Клавдюша понимала, что ей вещи необходимы, но не соображала, зачем Прокофию нужно остаться одному для получения города, когда он и так ему почти что полагается, и спросила об этом.
— Ты политической подкладки не имеешь, — ответил ей супруг. — Если я с тобой начну город получать, то ясно, подарю его одной тебе.
— Подари мне его, Прош, я за ним на подводах из губернии приеду!
— Обожди спешить без ордера!.. А почему я тебе подарю? Потому что, скажут люди, он спит с ней, а не с нами, он с ней свое тело меняет, стало быть, и города ей не пожалеет… А когда тебя не будет, то все узнают, что я города себе не беру…
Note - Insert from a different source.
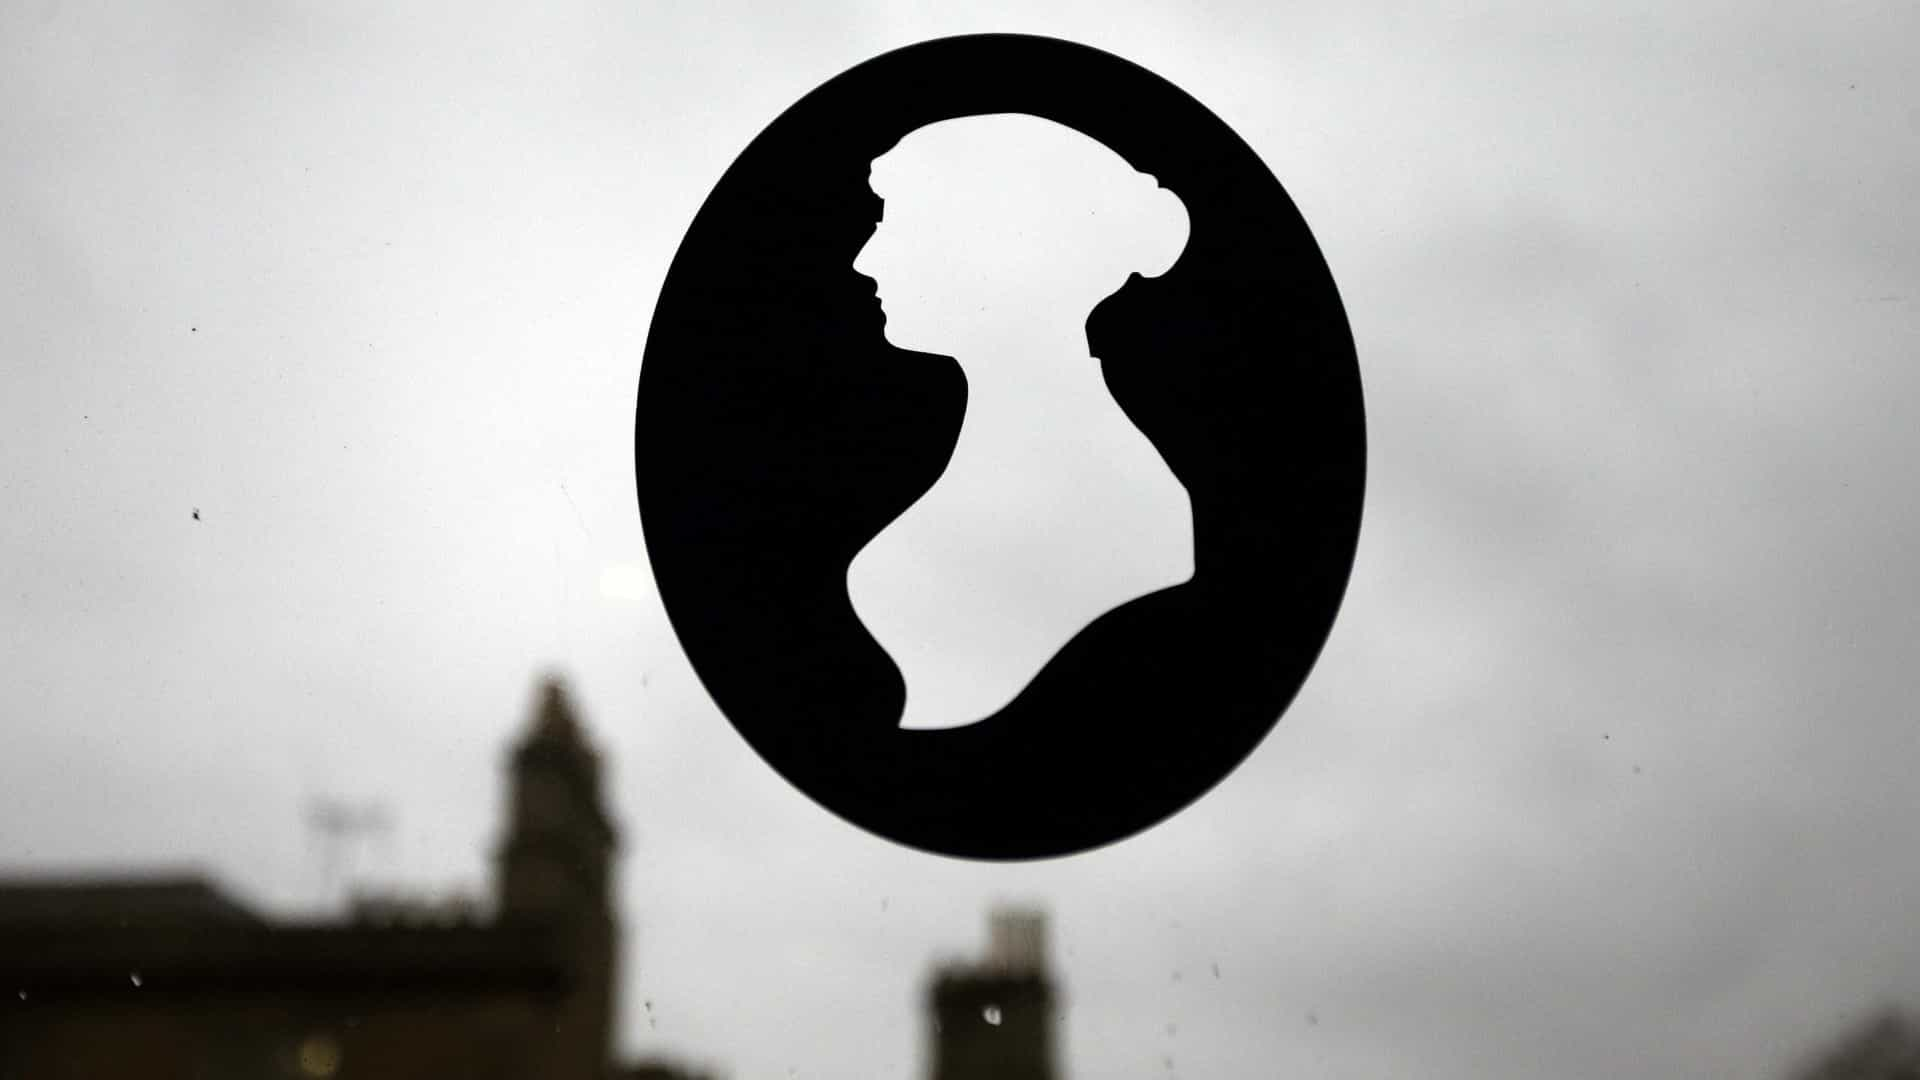 BBC mostra fenómeno Jane Austen no bicentenário da morte da autora

— Как не берешь? — обиделась Клавдюша. — Кому ж ты его оставляешь?
— Эх ты, бюро жизни! Ты слушай мою формулировку! Зачем же мне город, когда у меня нету семейства и все тело цело? А когда город заберу, то я его эвакуирую и тебя вызову депешей из другого пункта населения!.. Собирайся пока, я пойду город опишу…
Прокофий взял бланк ревкома из сундука и пошел списывать свое будущее имущество.
Солнце, по своему усердию, работало на небе ради земной теплоты, но труд в Чевенгуре уменьшился. Кирей лежал в сенях на куче травы с женой Грушей и придерживал ее при себе в дремлющем отдыхе.
— Ты чего, товарищ, подарков не даешь в коммунизм? — спросил Кирея Прокофий, когда пришел туда для описи инвентаря.
Кирей пробудился, а Груша, наоборот, закрыла глаза от срама брака.
— А чего мне коммунизм? У меня Груша теперь товарищ, я ей не поспеваю работать, у меня теперь такой расход жизни, что пищу не поспеваешь добывать…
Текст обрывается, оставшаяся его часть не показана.